# SOURCE INFORMATION
▬▬▬
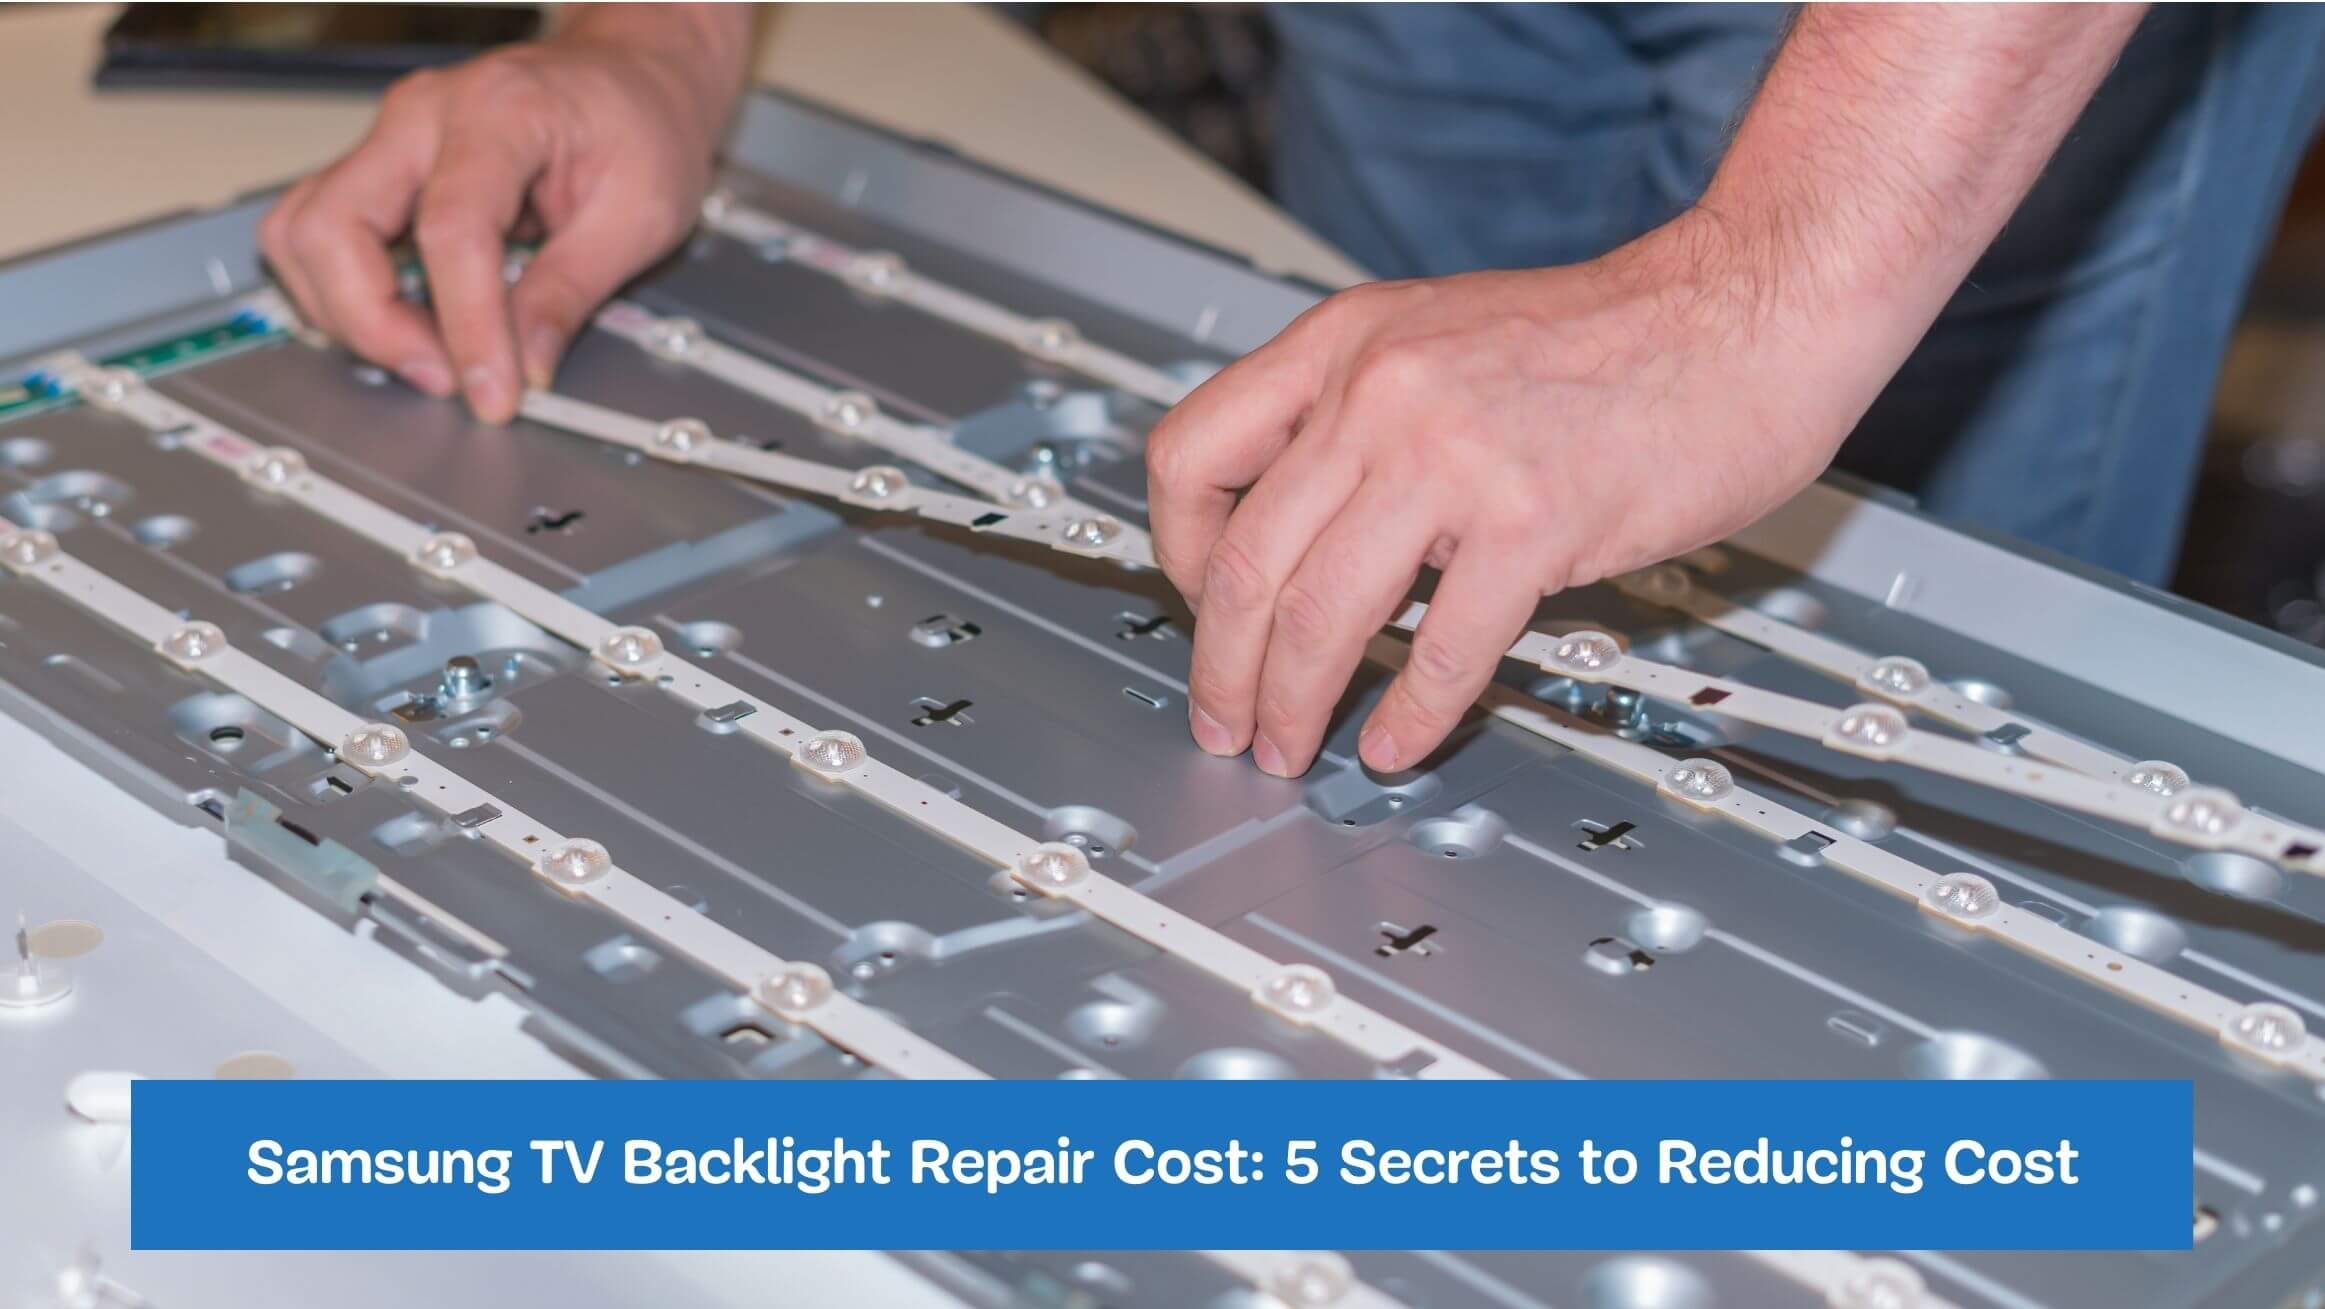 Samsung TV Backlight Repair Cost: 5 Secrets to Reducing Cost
▬▬▬
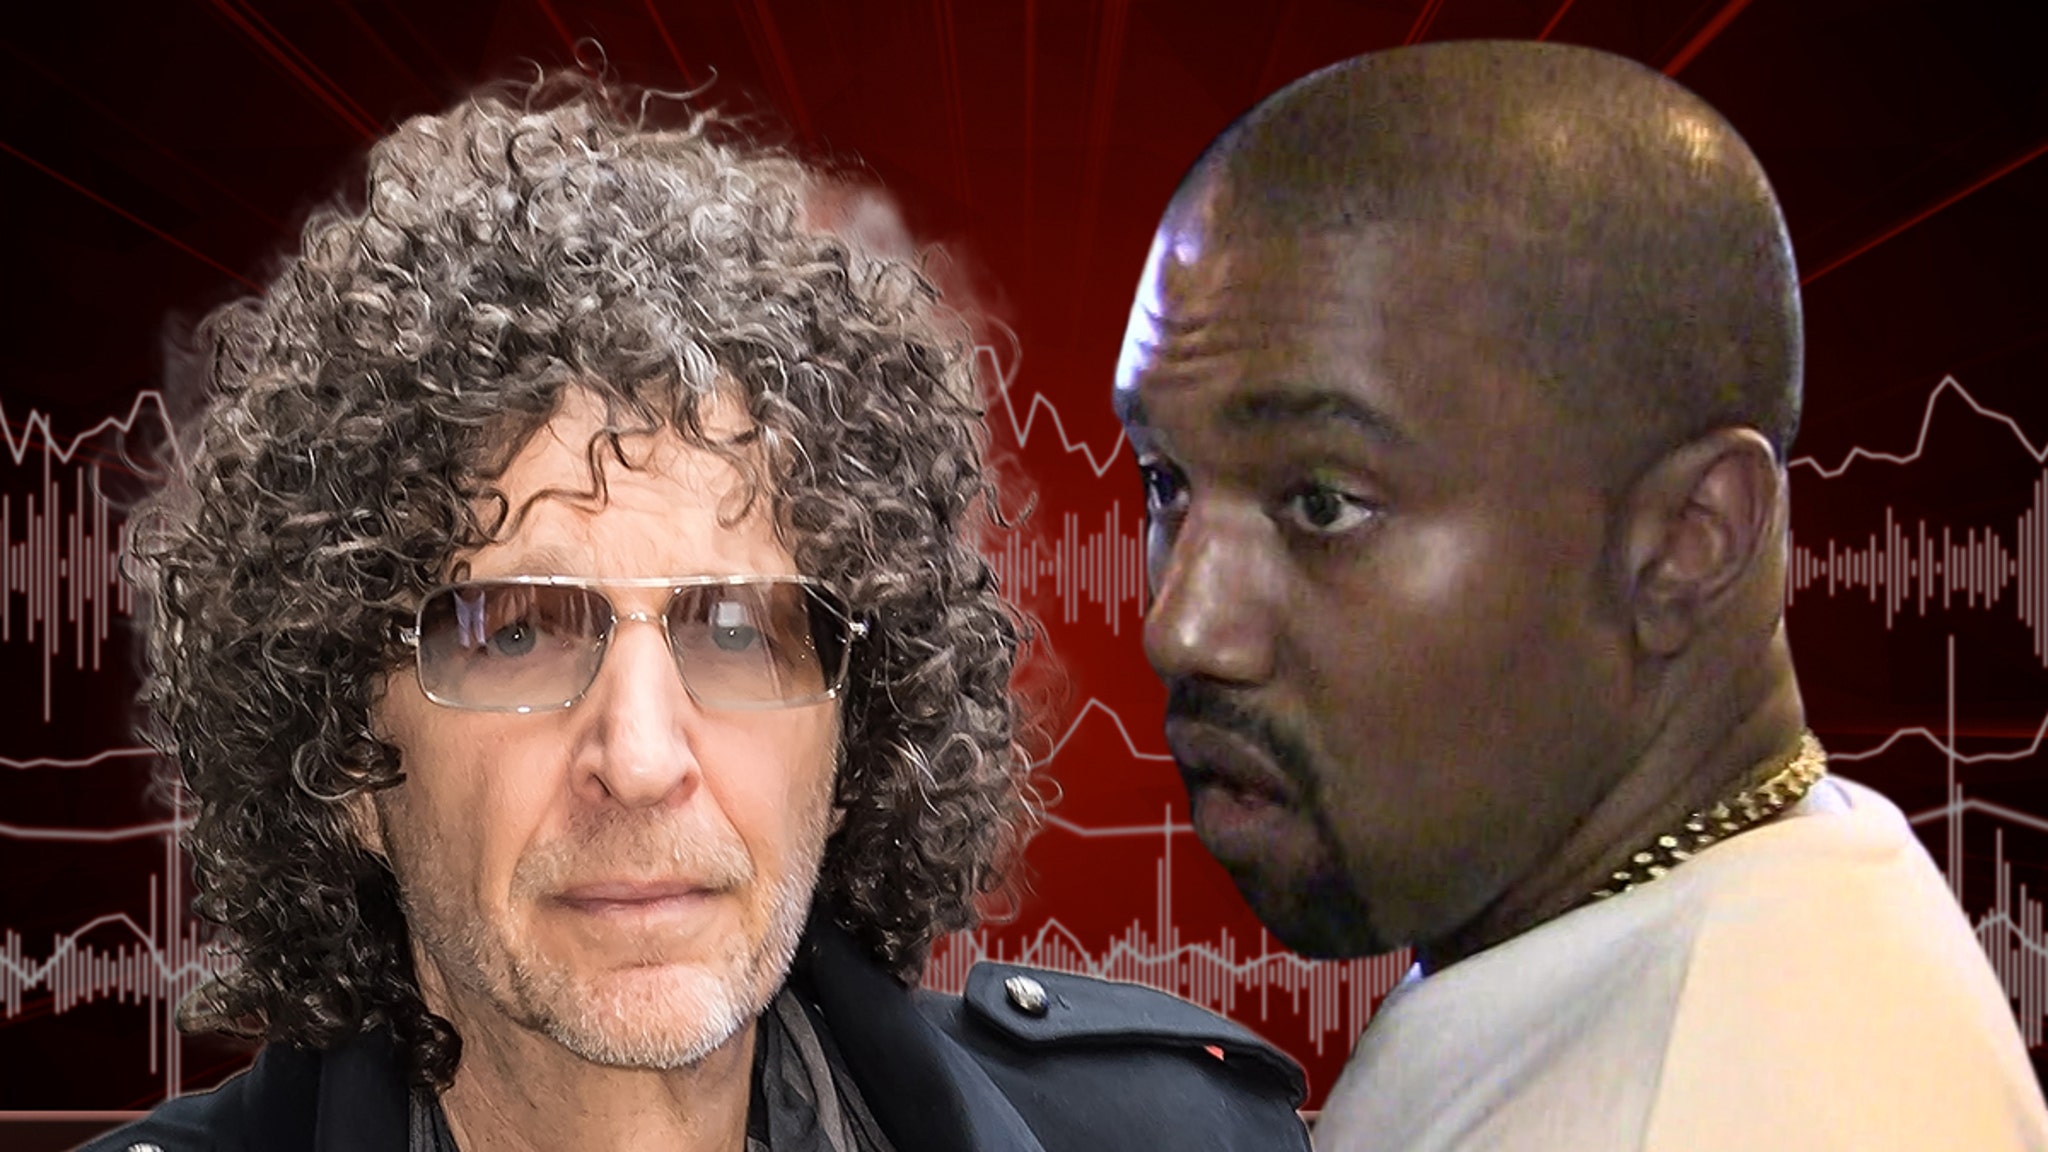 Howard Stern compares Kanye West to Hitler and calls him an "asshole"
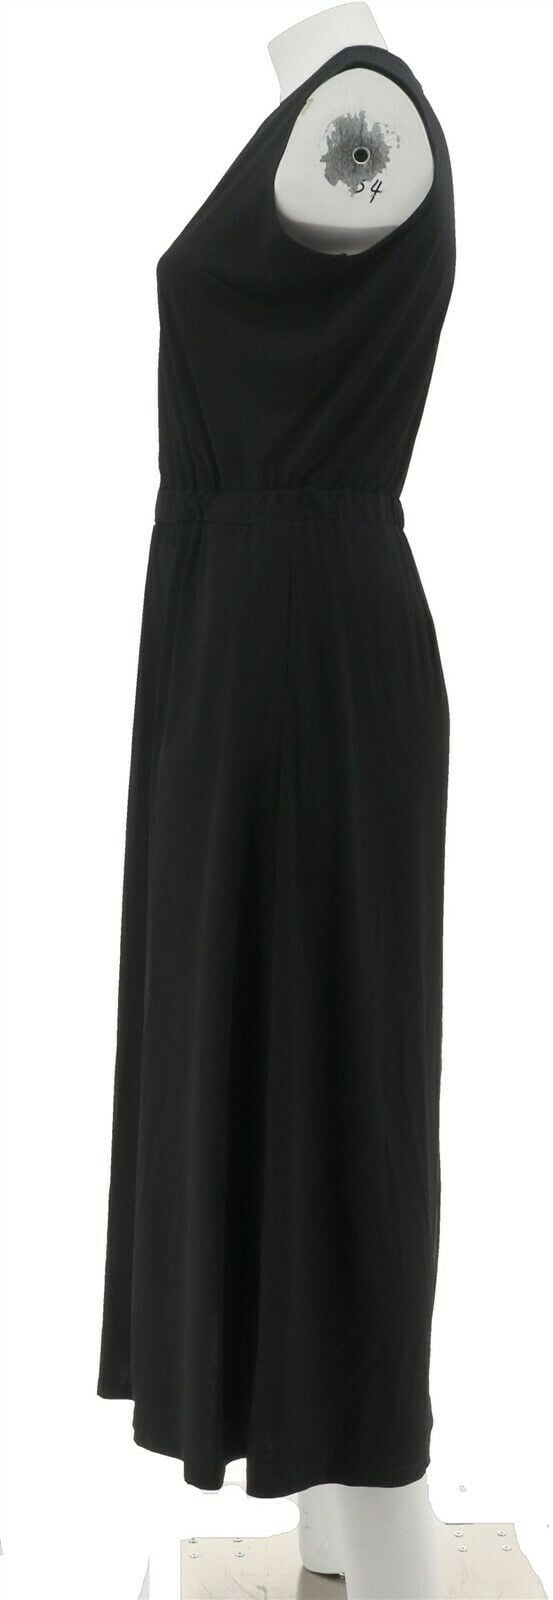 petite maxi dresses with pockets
▬▬▬
# WHAT THE TASK ASKS
All that is wanted is the lines above between the one containing "Howard Stern compares" and the one containing "petite maxi dresses with pockets", inclusive, restated word for word, with pictures omitted.

# RESPONSE TO THIS TASK
 Howard Stern compares Kanye West to Hitler and calls him an "asshole"
 petite maxi dresses with pockets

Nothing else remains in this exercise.